Still in two minds about it. Both calls have same audio quality, so seems more like its studio created. This might be the result of using Optimod processing, but still not 100% convinced.


----------



## MattMatt (May 19, 2012)

3putt said:


> In all fairness to the DJs I think they would've let it play out until the 'lost' baby came into the picture.
> 
> That added a dimension to the story that I wasn't ready for or expecting.
> 
> I doubt they were either.


Oh, they should have been. As they would almost certainly have 15 second delay on all calls to air.


----------



## HarryDoyle (Jan 19, 2013)

If it was fake, I doubt it was the radio station, it was a set up by the girl and guy.
This could be why the DJ cut it off. Still......I threw up in my mouth a little listening to that. If that was real, the Karma bus was working overtime on this one.


----------



## MattMatt (May 19, 2012)

HarryDoyle said:


> If it was fake, I doubt it was the radio station, it was a set up by the girl and guy.
> This could be why the DJ cut it off. Still......I threw up in my mouth a little listening to that. If that was real, the Karma bus was working overtime on this one.


I heard one every bit as real. Turned out it was faked by the station staff.


----------



## thummper (Dec 19, 2013)

I couldn't believe what I was hearing. What idiot would admit to doing something like that OVER THE RADIO? I mean, my God! And then to have your own BIL call in and rake you over the coals and call you a "wh0re." She started crying. My heart was pounding and I actually felt sick to my stomach. I'm sure it all hit the fan when her husband was told about it. What a tragedy for all concerned! Infidelity is so destroying to so many.


----------



## Graywolf2 (Nov 10, 2013)

3putt said:


> Women crave/need attention, compliments and affection, and when they don't get it at home, then it's so very easy to be drawn into someone that is giving them what they so desperately need and is missing. They don't see where it's leading (of course), but that all of a sudden attention rush that is missing could be overpowering I would imagine.


Very true. The most tragic thing I’ve heard in this regard is when the wife readily admits that her husband gave her attention and compliments. It’s just that his compliments didn’t counts as much as other men's because her husband loves her and is supposed to say stuff like that.



3putt said:


> Could serve well as a wakeup call for those willing to listen.
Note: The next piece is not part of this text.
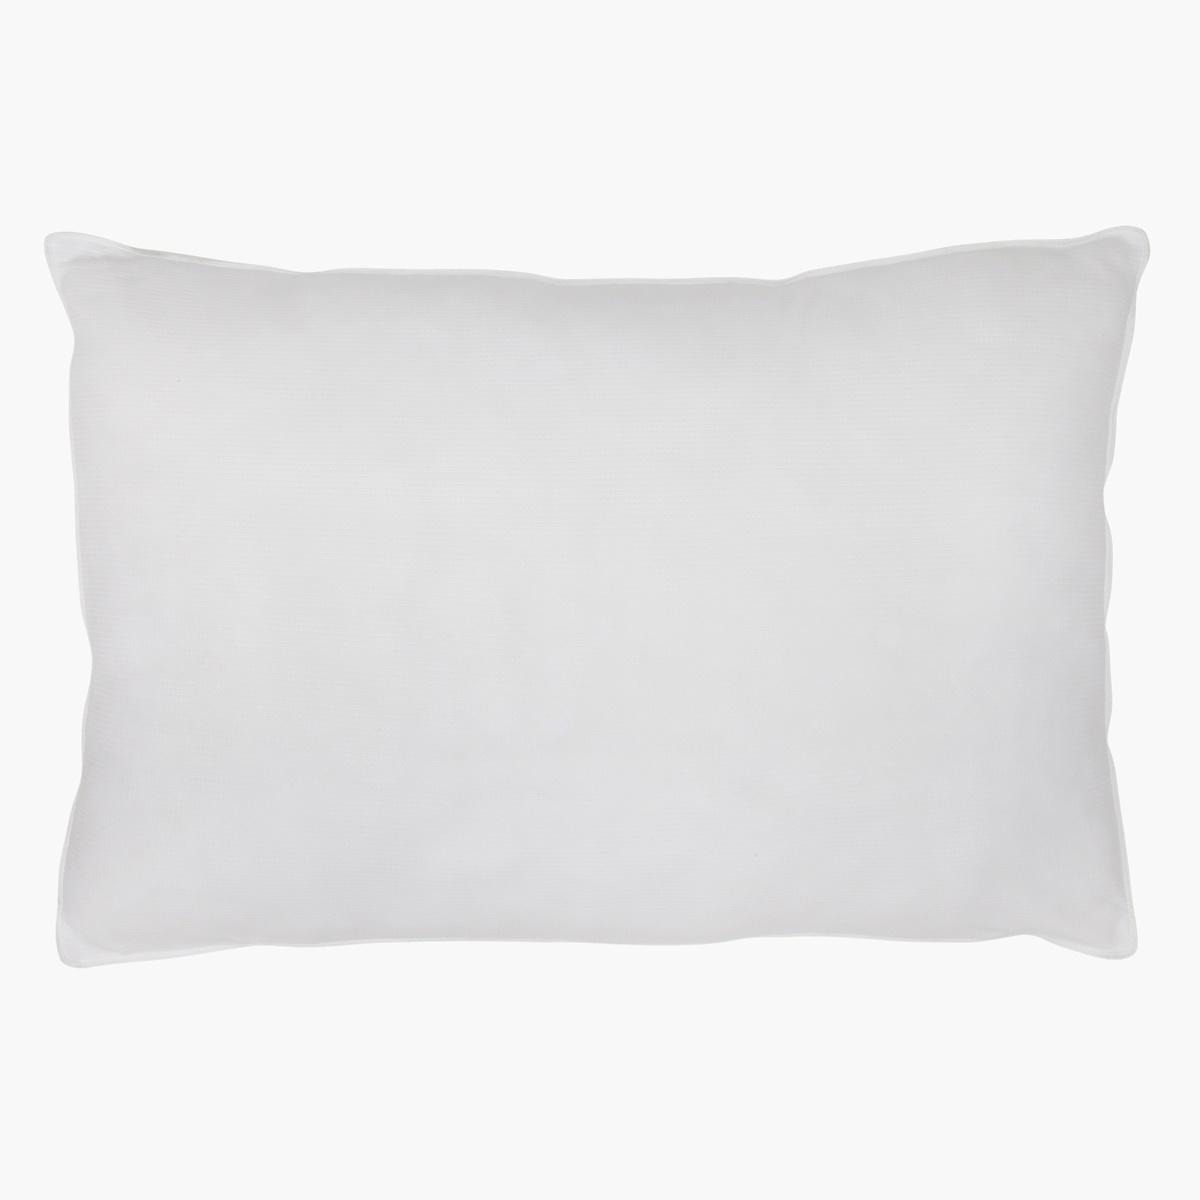 Cool Plus Pillow - 50x75 cms

I’m going to step up my game with my wife and tell her that my complements are more sincere because I’m already in her pants. Other men say that stuff to get in her pants.


----------



## wranglerman (May 12, 2013)

Graywolf2 said:


> Very true. The most tragic thing I’ve heard in this regard is when the wife readily admits that her husband gave her attention and compliments. It’s just that his compliments didn’t counts as much as other men's because her husband loves her and is supposed to say stuff like that.
> 
> 
> 
> I’m going to step up my game with my wife and tell her that my complements are more sincere because I’m already in her pants. Other men say that stuff to get in her pants.


My W and I have talked tons about the actions and reactions of others around us and the book "Not Just Friends" was a real help to us and helped her define who people are and often what agendas they have/had, she even talked openly about past experiences where she could relate to her new found learning. 

I care not about whether or not it was staged or what ever, but I do think that if this was actually aired on live radio it would have given listeners a lot to think and possibly talk about with their spouses.


----------



## davecarter (Aug 15, 2013)

Graywolf2 said:


> Very true. The most tragic thing I’ve heard in this regard is when the wife readily admits that her husband gave her attention and compliments. It’s just that his compliments didn’t counts as much as other men's because her husband loves her and is supposed to say stuff like that.


I did that _all _the time.
My wife would say to me, on more than one occasion (during the affair), _"Actions, not words_"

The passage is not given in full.